Stemming from the Kansai region is the custom of eating large sushi rolls called ehomaki which loosely translates to “lucky direction rolls.” This is because custom dictates that they should be eaten while jutting out of the mouth in a certain lucky direction.

It was basically a PR stunt by merchants for Osaka and the surrounding area to help sell their sushi full of “lucky ingredients” during this auspicious time. It wasn’t until fairly recently that the concept spread outside of Kansai, to the point that older Japanese people in the father reaches of the country may have no experience with it.

▼ Our writer from Kansai (left) feeding an ehomaki to an unsuspecting writer from Tokyo (right).

However, being the great business gimmick it is, it’s been catching on really quickly. Now some non-sushi restaurant have even tried to get in on the action with eho-roll-cakes and eho-pizza, which is just a regular pizza folded in two.

Normally such blatant co-opting of a holiday tradition might seem a little gauche, but since the whole point of ehomaki was a marketing ploy to begin with, it’s actually pretty much in tune with the true spirit of the custom.

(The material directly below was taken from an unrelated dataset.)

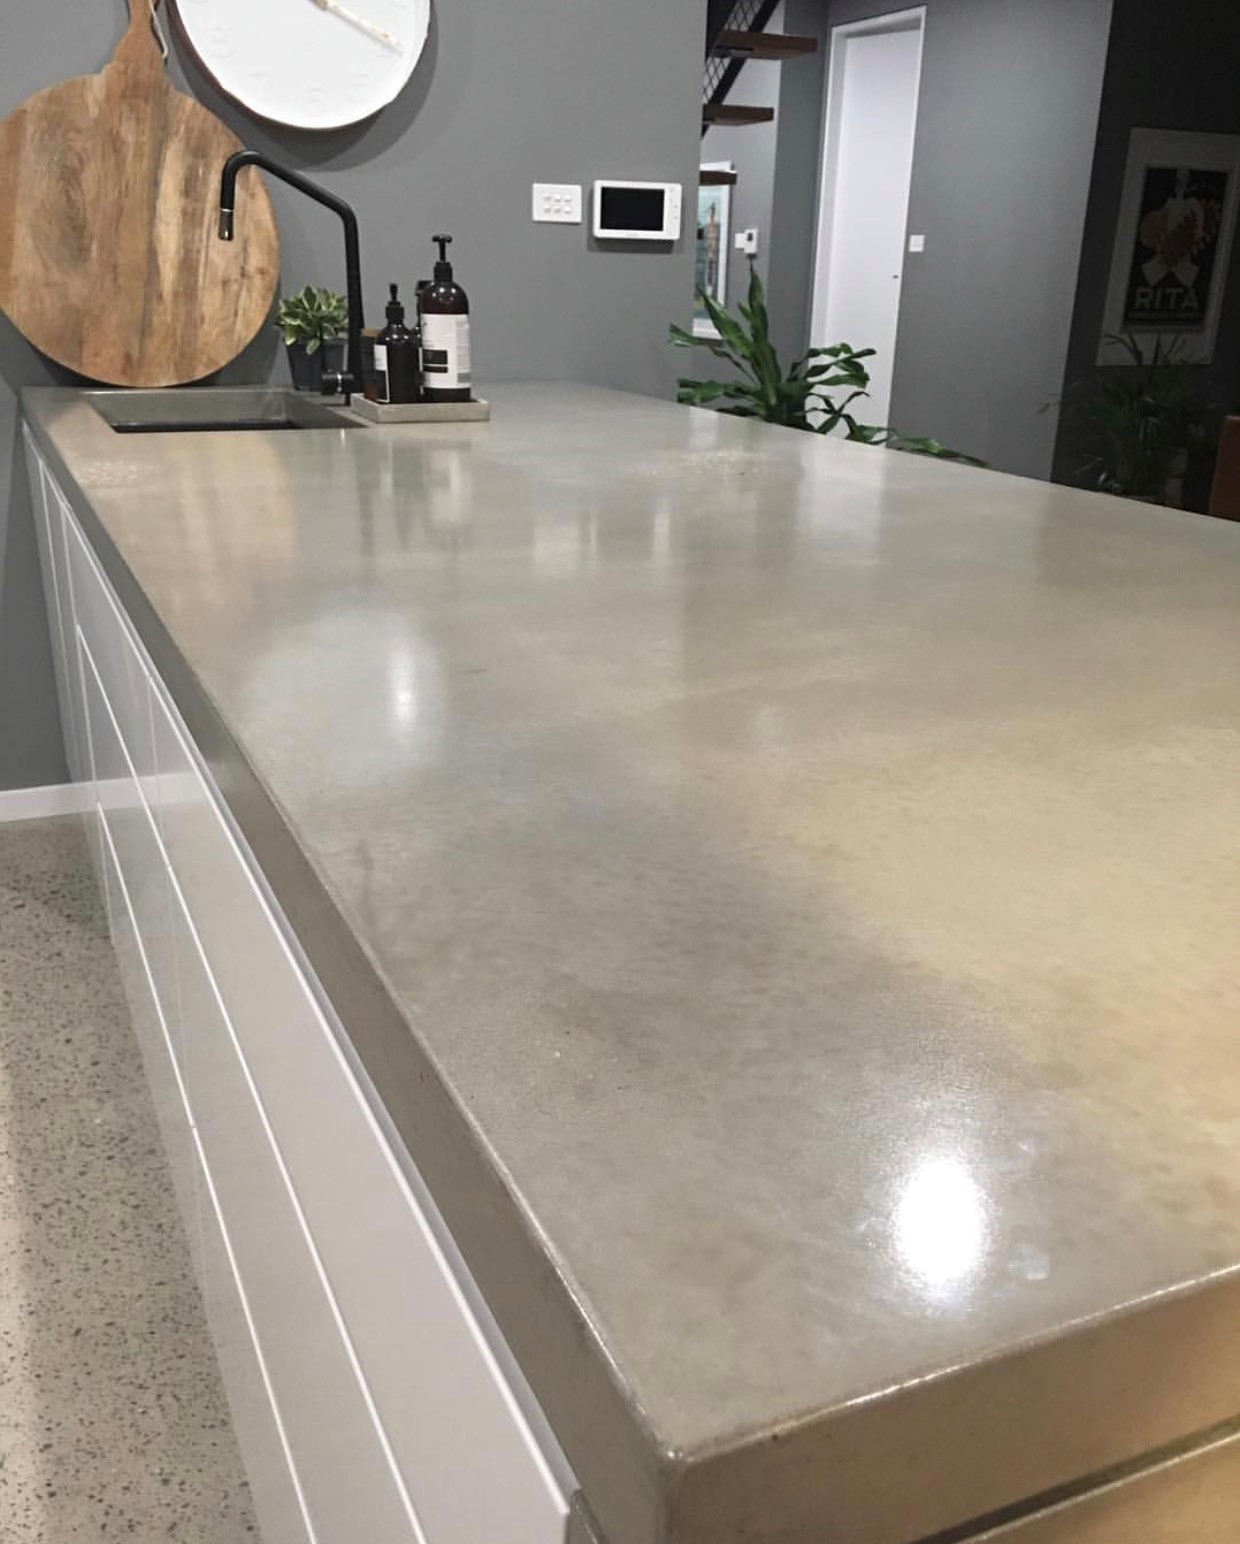 Concreate concrete countertop

So it’s also great that Subway has decided to join in on the fun with their eho-subs. These are actually just regular footlong BLT and roast chicken subs, but with a different name and a little cheaper!

They’re only available from 29 January to 3 February, so our writer Saya Togashi hurried down on the first day to try one out for 650 yen (US$6.20). At her local Subway, there were some pre-made eho-subs all wrapped and ready to go, but it’s also okay to have one custom made in true Subway fashion.

In Japan, six-inch subs are by far the standard, so Saya was rather alarmed by the size of this footlong. As tradition dictates, the sushi roll — or submarine sandwich in this case — must be eaten in its entirety while pointing in the lucky direction without cutting or breaking and without uttering a word.

This was beginning to look like a daunting task for our writer who decided to measure and weigh the sandwich for posterity.

The sandwich weighed in at just over 300 grams (2/3 of a pound) and was buckling under its own weight. This made it a little unwieldy to consume in proper Setsubun fashion, but she got ready to give it her best.

Fortunately, the package had this year’s lucky direction of south by southeast printed on it, and because of the ongoing state of emergency she was home alone which made it easy to do so without speaking.

There isn’t much to report on the taste, since this is after all just a regular Subway BLT. The bread was nice and fresh with salty, crispy bacon and firm, spicy ham. Since much of the BLT’s fillings were vegetables, the sandwich wasn’t too heavy on her stomach, and she could just manage to polish it all off.

With her eho-sub out of the way, there was still plenty of time to take on a sushi roll wrapped in gold or maybe even a Devil’s Ehomaki.

Also, for anyone who can’t make it to a Japanese Subway during this period, it’s easy to recreate the magic of Setsubun by ordering a regular footlong. All you’d really be missing is the discount and instructional wrapper.